南北首脳会談、うやむやにした非核化意志


 韓国の文在寅大統領と北朝鮮の金正恩朝鮮労働党委員長は南北軍事境界線にある板門店の韓国側施設「平和の家」で第3回南北首脳会談を行い、「完全な非核化を通じた核のない朝鮮半島」を共通目標にし、年内に終戦宣言を目指すことなどを盛り込んだ「板門店宣言」に署名した。だが非核化の具体的方法や時期には触れず、その意味でうやむやな結果と言わざるを得ない。

皮相的な融和に逆戻り

 北朝鮮はこれまで自国の核開発は米国の敵対視政策が原因で、あくまでも自衛手段だと繰り返し主張してきた。核問題をめぐる話し合いの相手は米国であるというのが基本的な立場だ。北朝鮮の核開発はすでに国際問題化して久しく、韓国一国では手に負えないのも事実だ。

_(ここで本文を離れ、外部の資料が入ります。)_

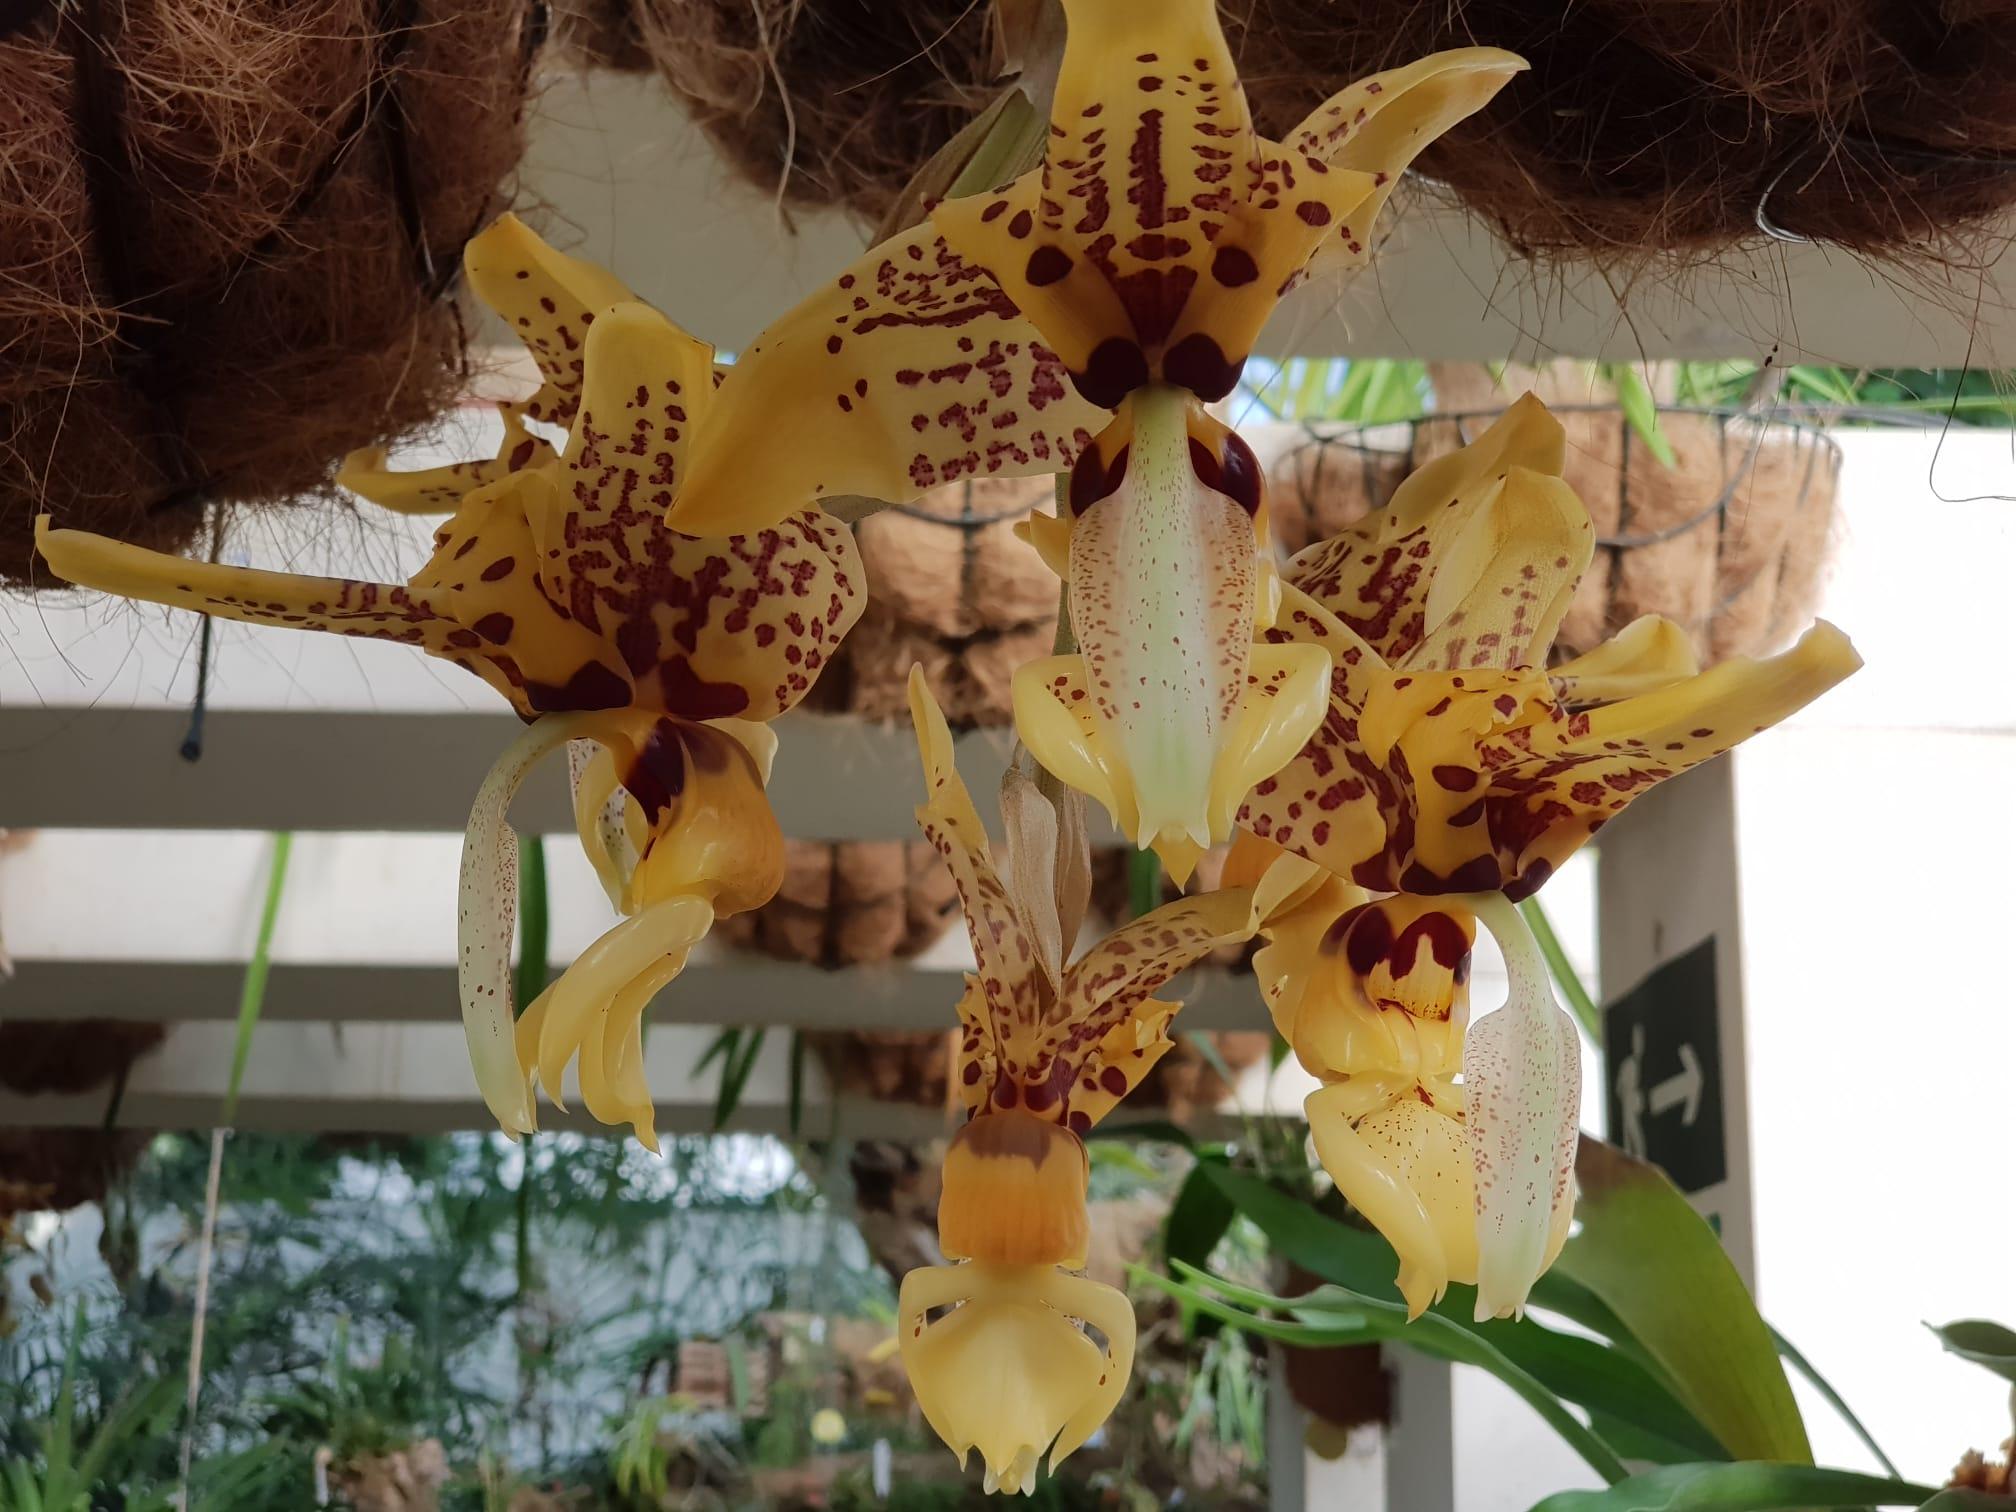 El Orquidario de Estepona acoge la floración de una especie que desprende aroma a chocolate

 その北朝鮮が今回の首脳会談で非核化を議題にしたのは後に控える米朝首脳会談でトランプ大統領を説得する必要があったからだろう。韓国が北朝鮮の非核化意志を評価・支持してくれれば米国が強硬姿勢に出てきた場合、一種の安全装置となる。

 北朝鮮の非核化に対する本気度が疑われるのは宣言文で非核化の項目が最後の方にやっと出てくることにも表れている。もちろん日本をはじめ国際社会が求める「完全かつ検証可能で不可逆的」という非核化のレベルには一切言及されていない。

 南北首脳が会談するのは約10年半ぶりだが、両首脳は異口同音に2000年と07年の共同宣言の精神に回帰すると述べた。皮相的な融和に酔いしれ、一方的に北朝鮮への経済援助に傾いていった時代に逆戻りするのか。韓国保守政権下で起きた北朝鮮による幾多の武力挑発もお咎(とが)めなしとなる可能性がある。

 年内に終戦宣言を目指し、そのために韓国、北朝鮮、米国の3者あるいは中国を加えた4者による協議を開始するとの合意は、非核化を条件的に宣言した見返りに北朝鮮が米国から引き出したいものとみられている。休戦協定が平和協定に転換されれば米軍は韓国から撤退しなければならない。その後に待っているのは今なお半島赤化をもくろむ北朝鮮の韓国侵攻だと、専門家は警鐘を鳴らしている。

 韓国では今回の首脳会談に対する歓迎ムードが広がっている。饒舌(じょうぜつ)でしばしば笑顔をこぼし、冗談交じりに文大統領と対話する金委員長のイメージまでアップしているようだが、信頼醸成と対立を繰り返した南北の苦い歴史に思いをはせるべきだろう。変わるのはいつも韓国の方であり、北朝鮮は本音では敵対路線を一切変えていない。

 南北は今回、文大統領が今年秋に訪朝し、再び金委員長と首脳会談を行うことで合意した。国際社会の制裁を緩和させ、あわよくば体制保証まで取り付けたい北朝鮮の戦略に韓国が手を貸し続けることになりはしまいか心配だ。

米朝会談がヤマ場に

 6月初めまでに開催される見通しの米朝首脳会談では今回、南北が合意した程度の非核化水準では通用しないとの見方が多い。金委員長がどのような説得材料を持ち出すのか、トランプ氏がそれをどう判断するのか。北朝鮮核問題の大きなヤマ場になりそうだ。